One competitor is the proposed Sundance lateral off of Transcontinental Gas Pipeline's mainline and the other is a proposed extension of Scana's South Carolina Pipeline into North Carolina. The $250 million Palmetto project would extend 175 miles from the terminus of Sonat's system in Aiken, SC, to an interconnect with recent CP&L merger partner North Carolina Natural Gas in Robeson County, NC. It is expected to have a capacity to transport about 300 MMcf/d.

"The proposed Palmetto Pipeline is a significant project for the region," Kilgore added. "Not only is the pipeline integral to CP&L's current energy plans, but to the development of energy infrastructure throughout the Carolinas as well. Delaying the planned in-service date makes good business sense as our overall resource plan continues to evolve. We want to synchronize as closely as possible our gas-supply plan with our plans to add electric generation over the next several years."

CP&L is rethinking the location and timing of several power projects, but its plans to add about 7,000 MW of gas-fired generating capacity by 2010 have not changed. That total includes plans to build up to seven combustion turbine generators at sites in Richmond and Rowan counties to be operational in 2001 and 2002.

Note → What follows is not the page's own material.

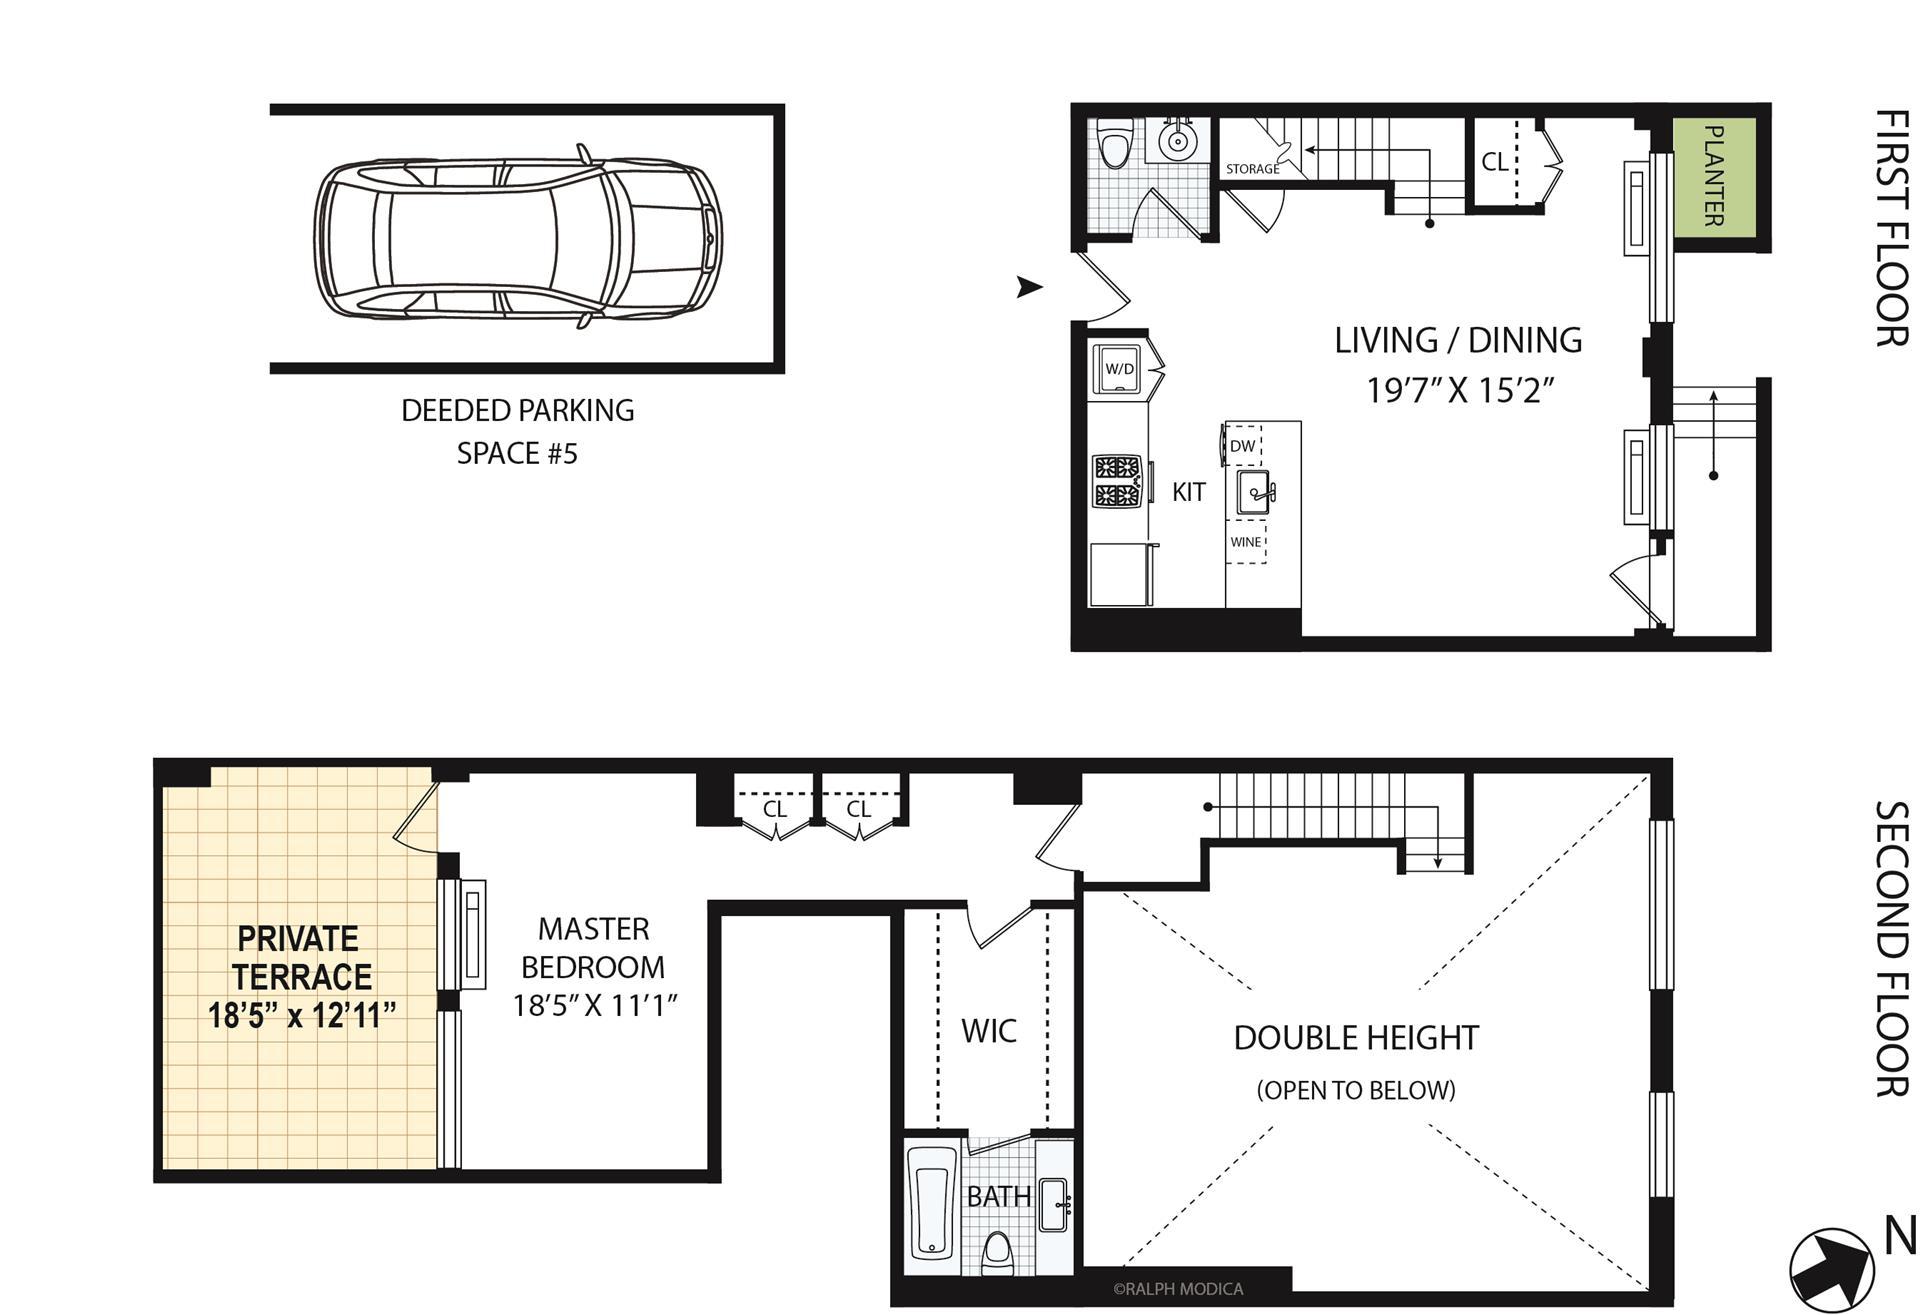 Floor plan of 2-40 51st Avenue, TH1C - Long Island City, New York

"CP&L is the anchor load on that pipeline with most of its generation coming on line in second quarter of 2002, but that may be no longer the case," said Sonat spokesman Bruce Connery. "They do not have a need in 2002 in the locations Palmetto was expected to serve."

Palmetto Pipeline is in the process of contacting landowners along the current route by mail regarding this decision. A Scana spokesman said yesterday the delay was good news for its extension project, which it feels could serve CP&L's needs at a lower cost than Palmetto.